<<<<

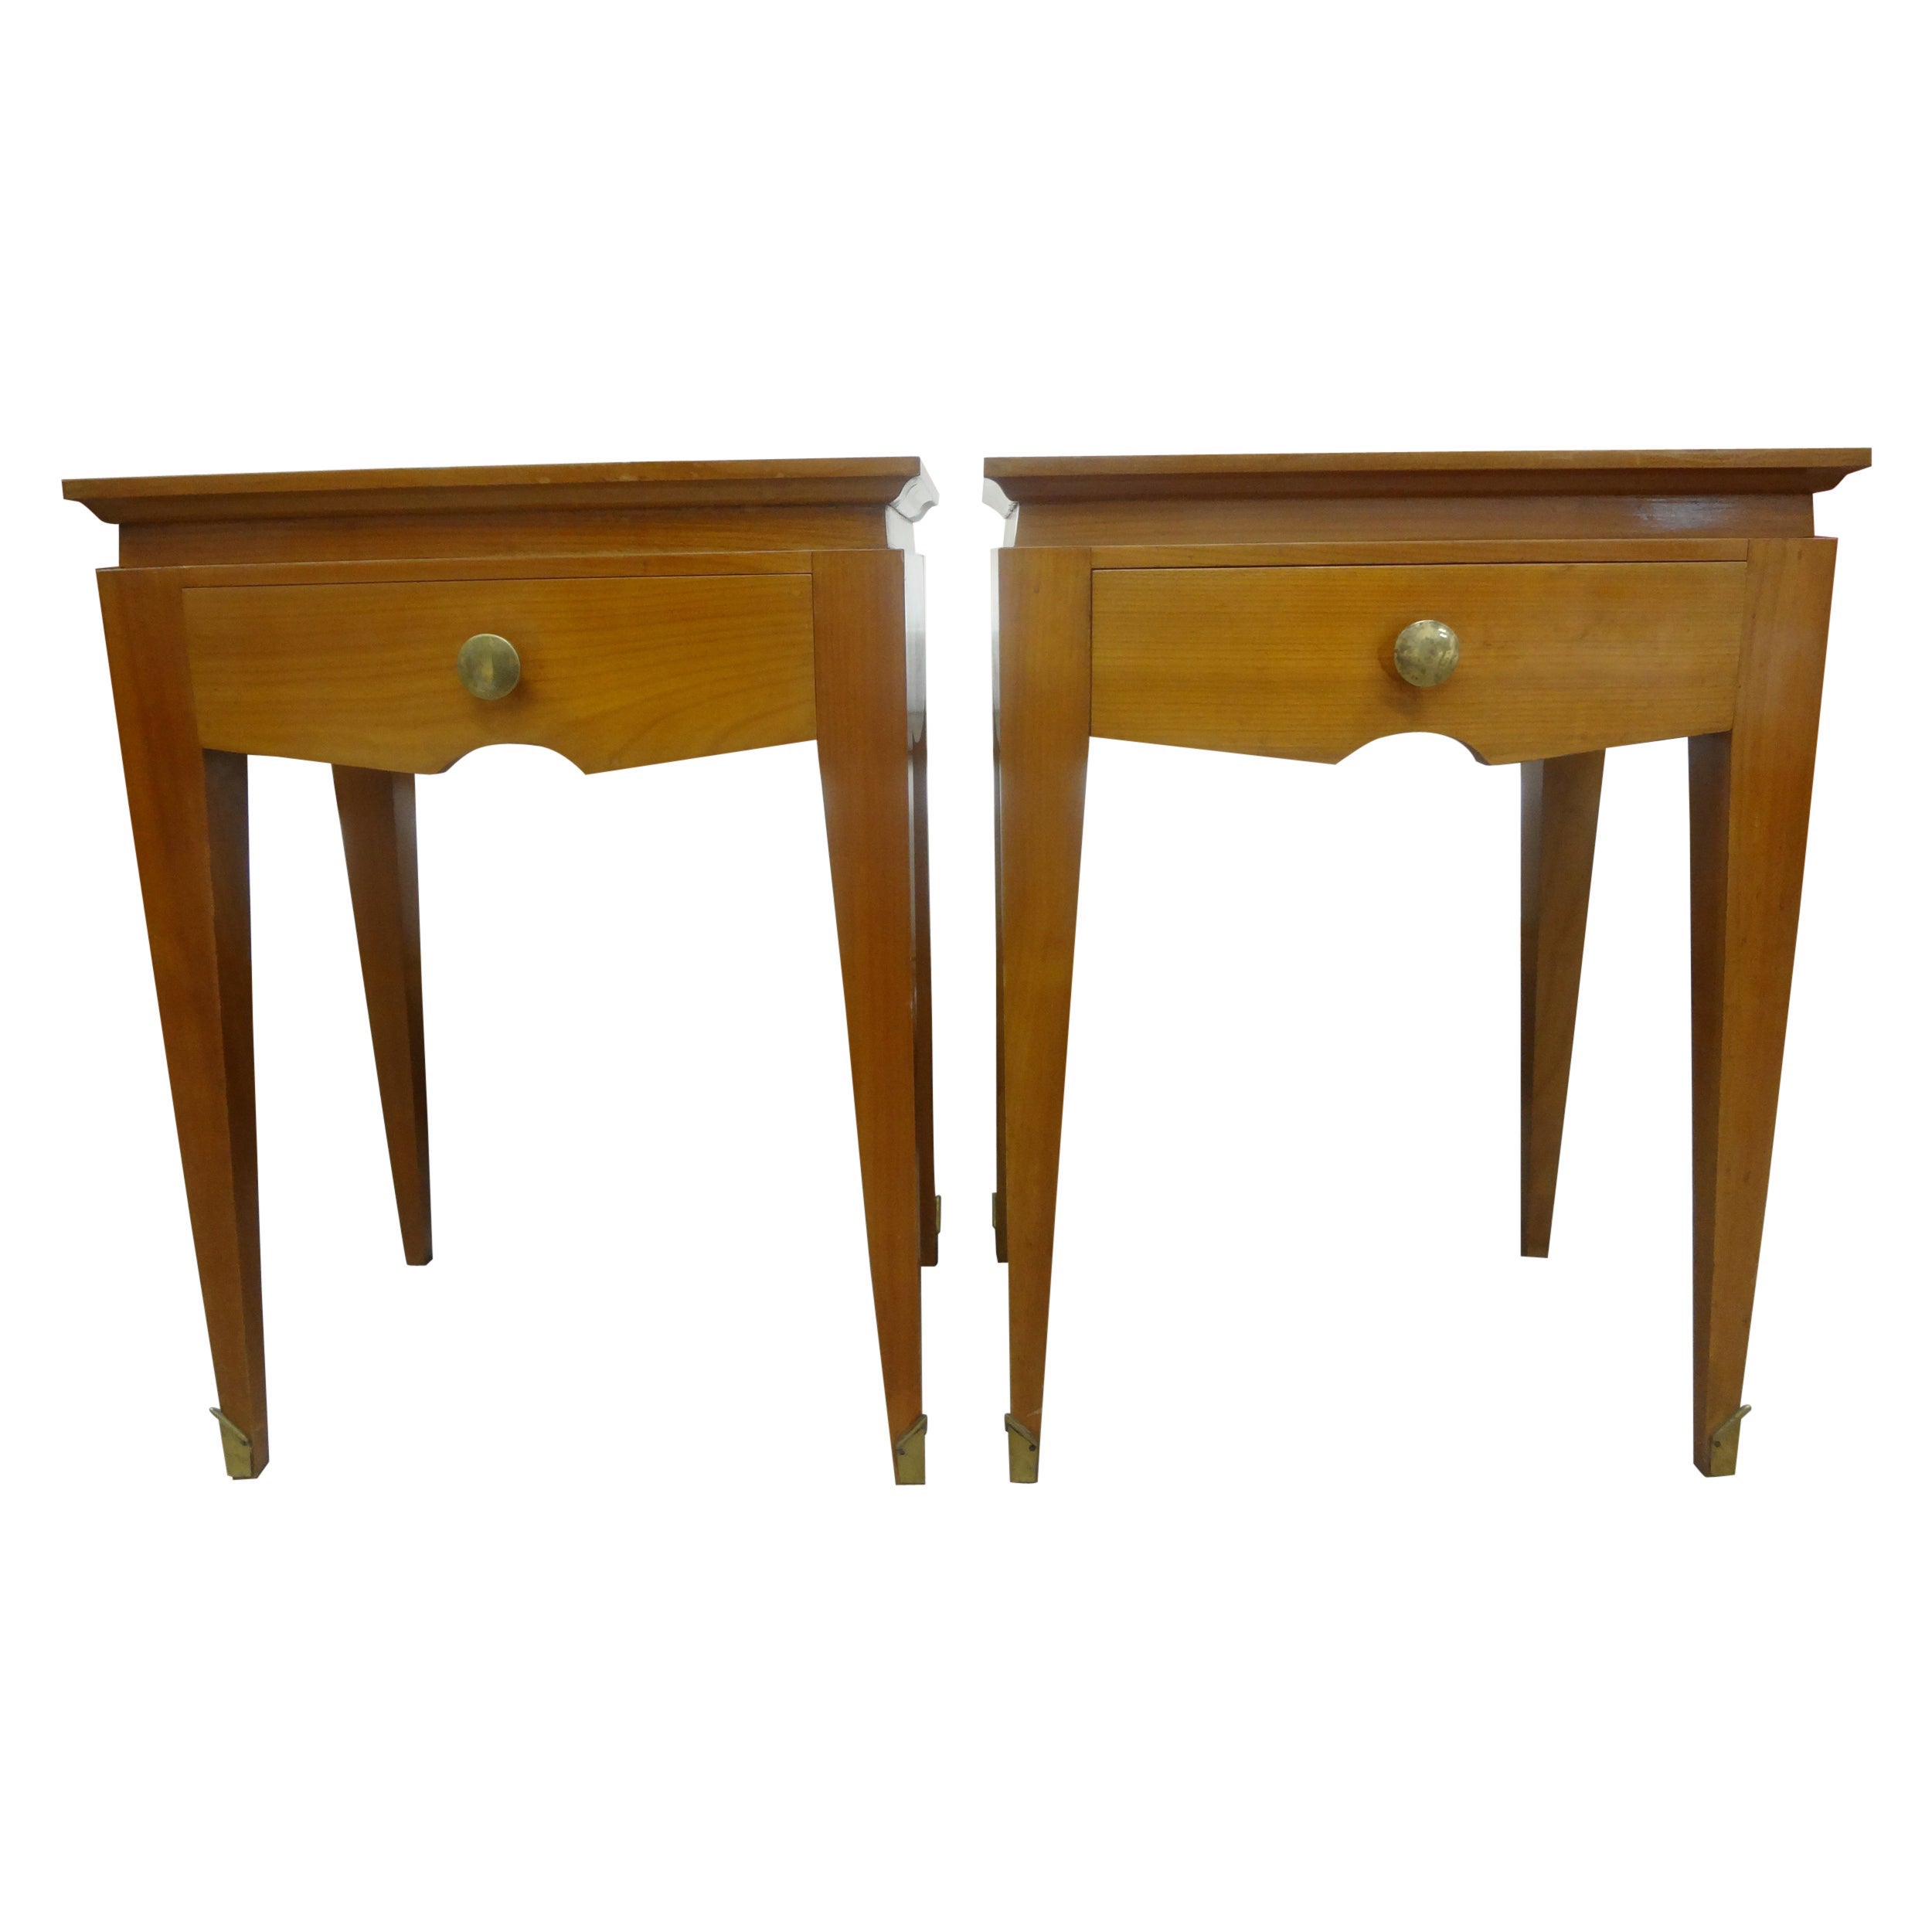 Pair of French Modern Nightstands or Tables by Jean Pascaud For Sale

>>>>
<<<<

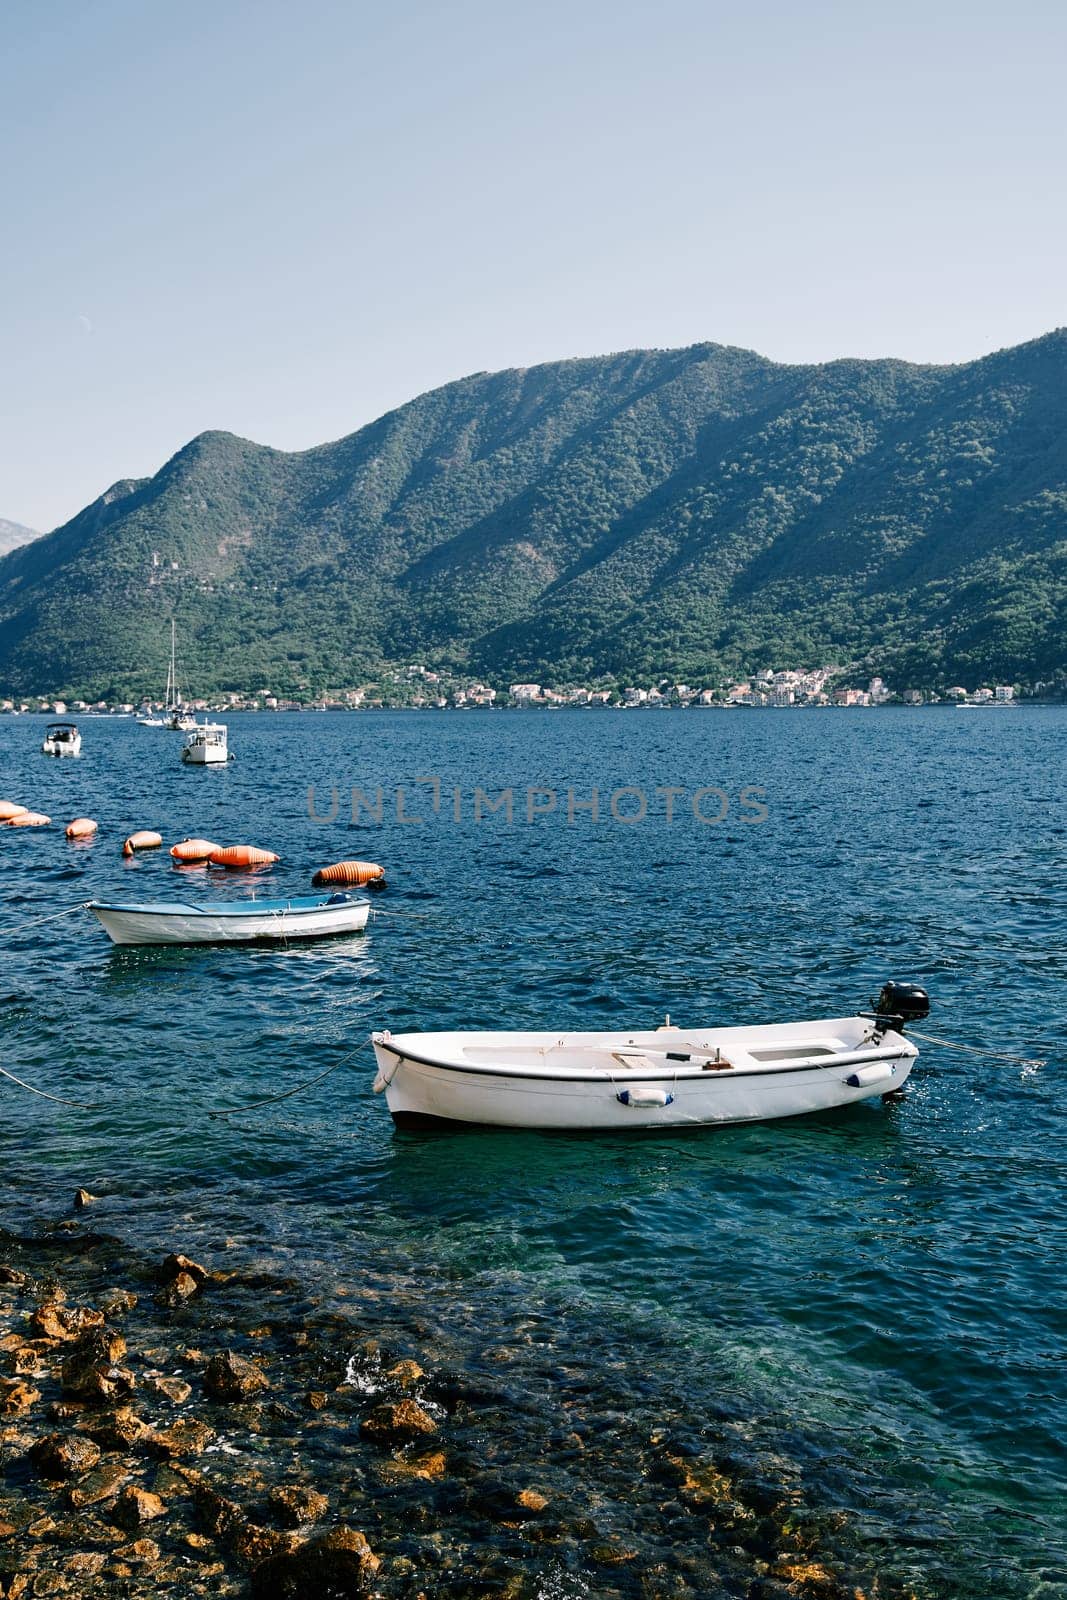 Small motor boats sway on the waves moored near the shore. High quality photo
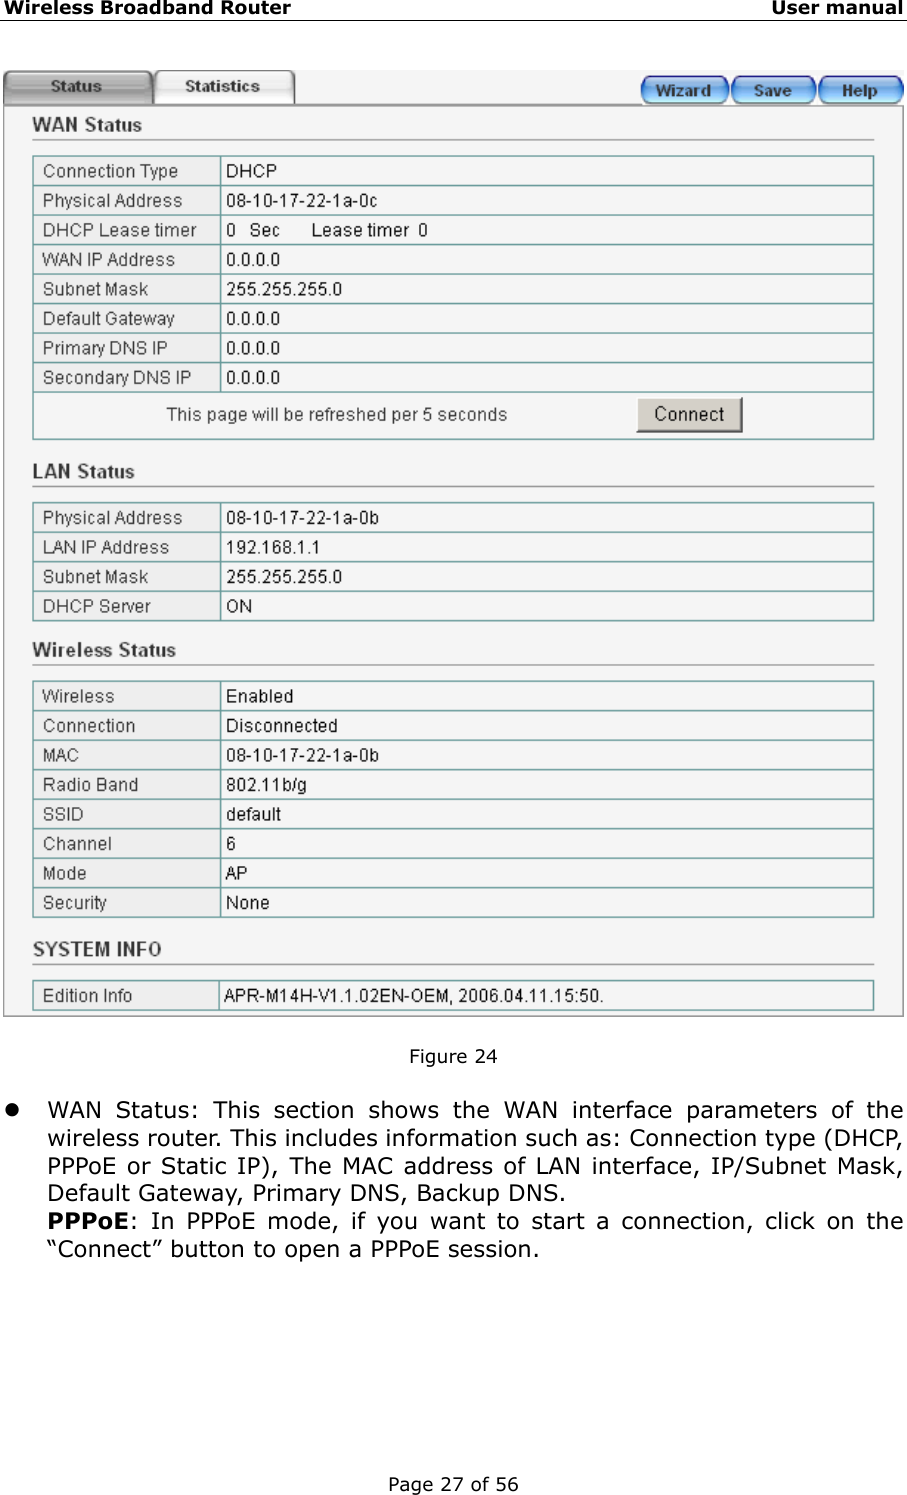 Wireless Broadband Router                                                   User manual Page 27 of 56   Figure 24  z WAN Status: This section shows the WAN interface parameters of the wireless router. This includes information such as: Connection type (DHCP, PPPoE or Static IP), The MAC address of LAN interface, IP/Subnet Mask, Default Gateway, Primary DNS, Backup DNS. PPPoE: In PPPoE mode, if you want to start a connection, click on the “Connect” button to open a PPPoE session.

>>>>
<<<<

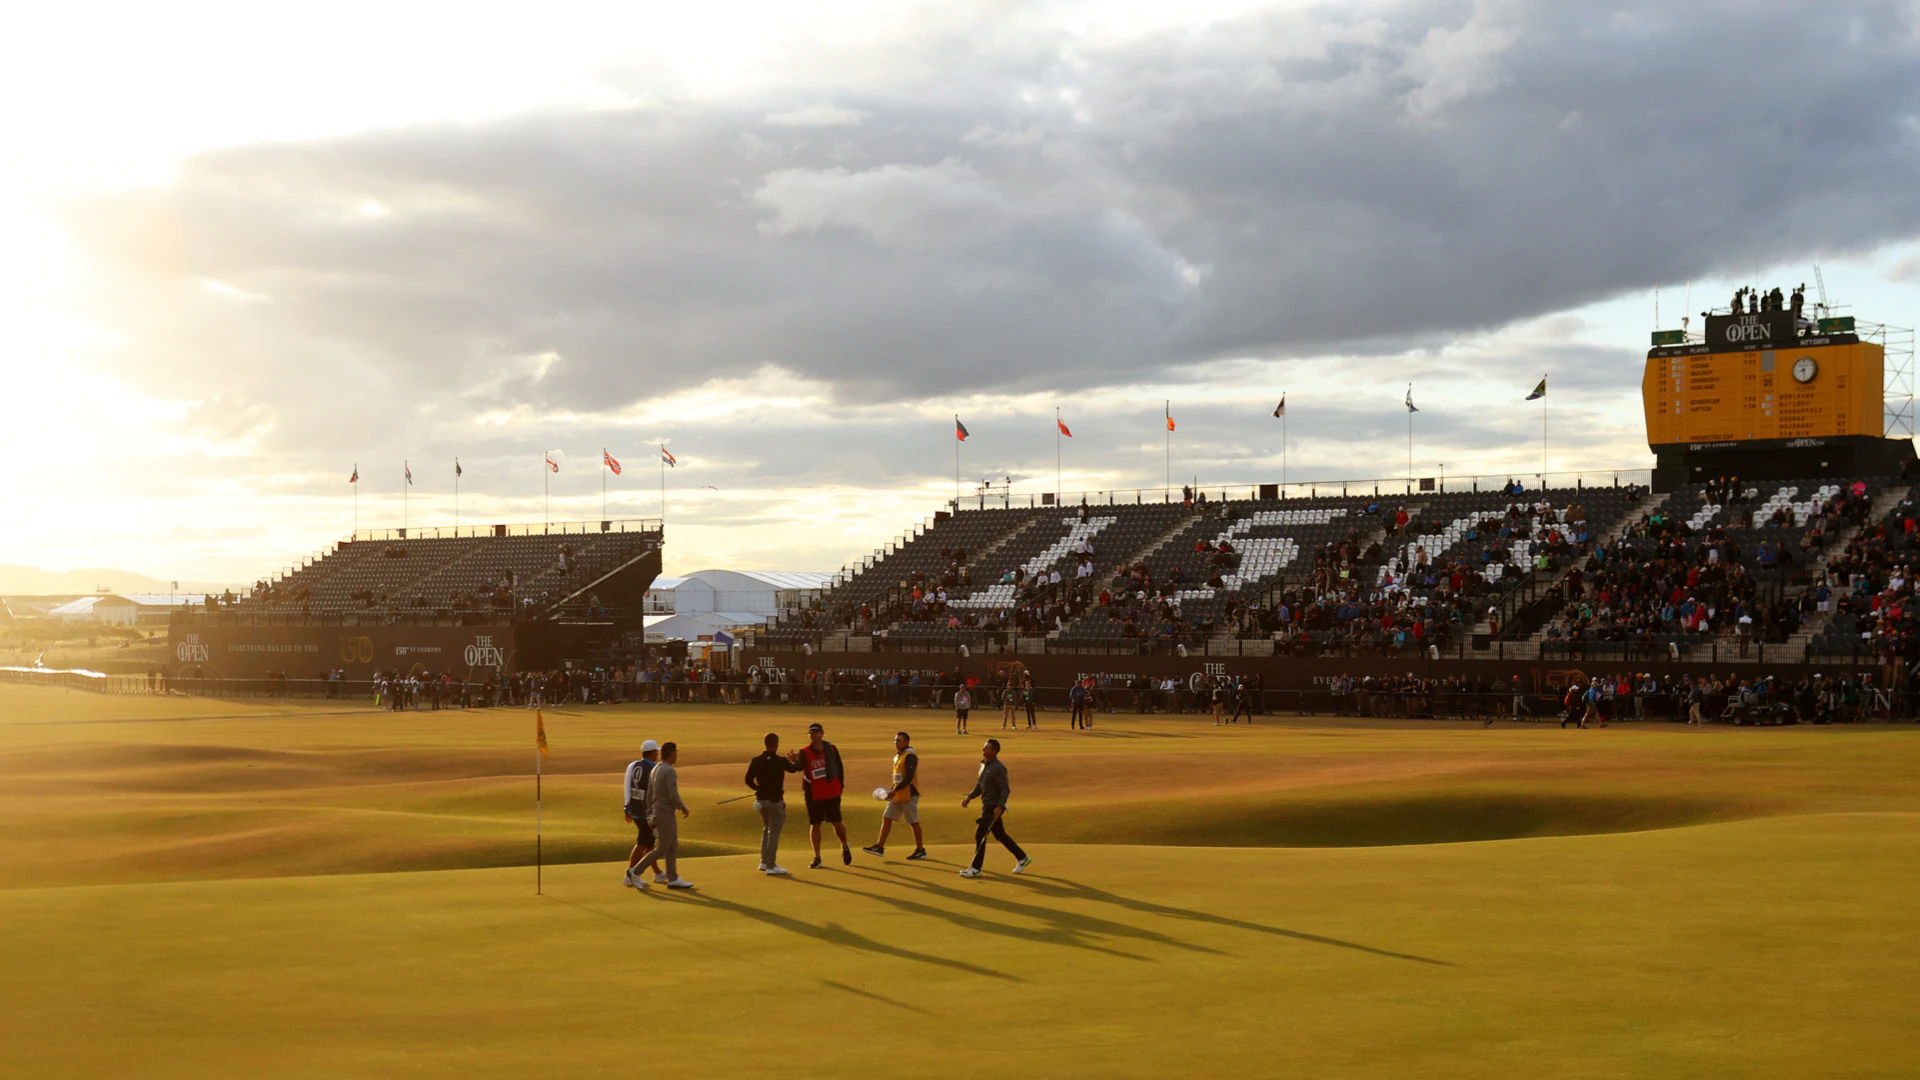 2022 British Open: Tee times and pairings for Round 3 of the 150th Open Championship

>>>>

• _Work request_: In the data above, start at the line holding "Small motor boats" and stop after the line holding "Wireless Broadband Router"; write out those lines exactly, without pictures.

• _Written solution_:
 Small motor boats sway on the waves moored near the shore. High quality photo
 Wireless Broadband Router                                                   User manual Page 27 of 56   Figure 24  z WAN Status: This section shows the WAN interface parameters of the wireless router. This includes information such as: Connection type (DHCP, PPPoE or Static IP), The MAC address of LAN interface, IP/Subnet Mask, Default Gateway, Primary DNS, Backup DNS. PPPoE: In PPPoE mode, if you want to start a connection, click on the “Connect” button to open a PPPoE session.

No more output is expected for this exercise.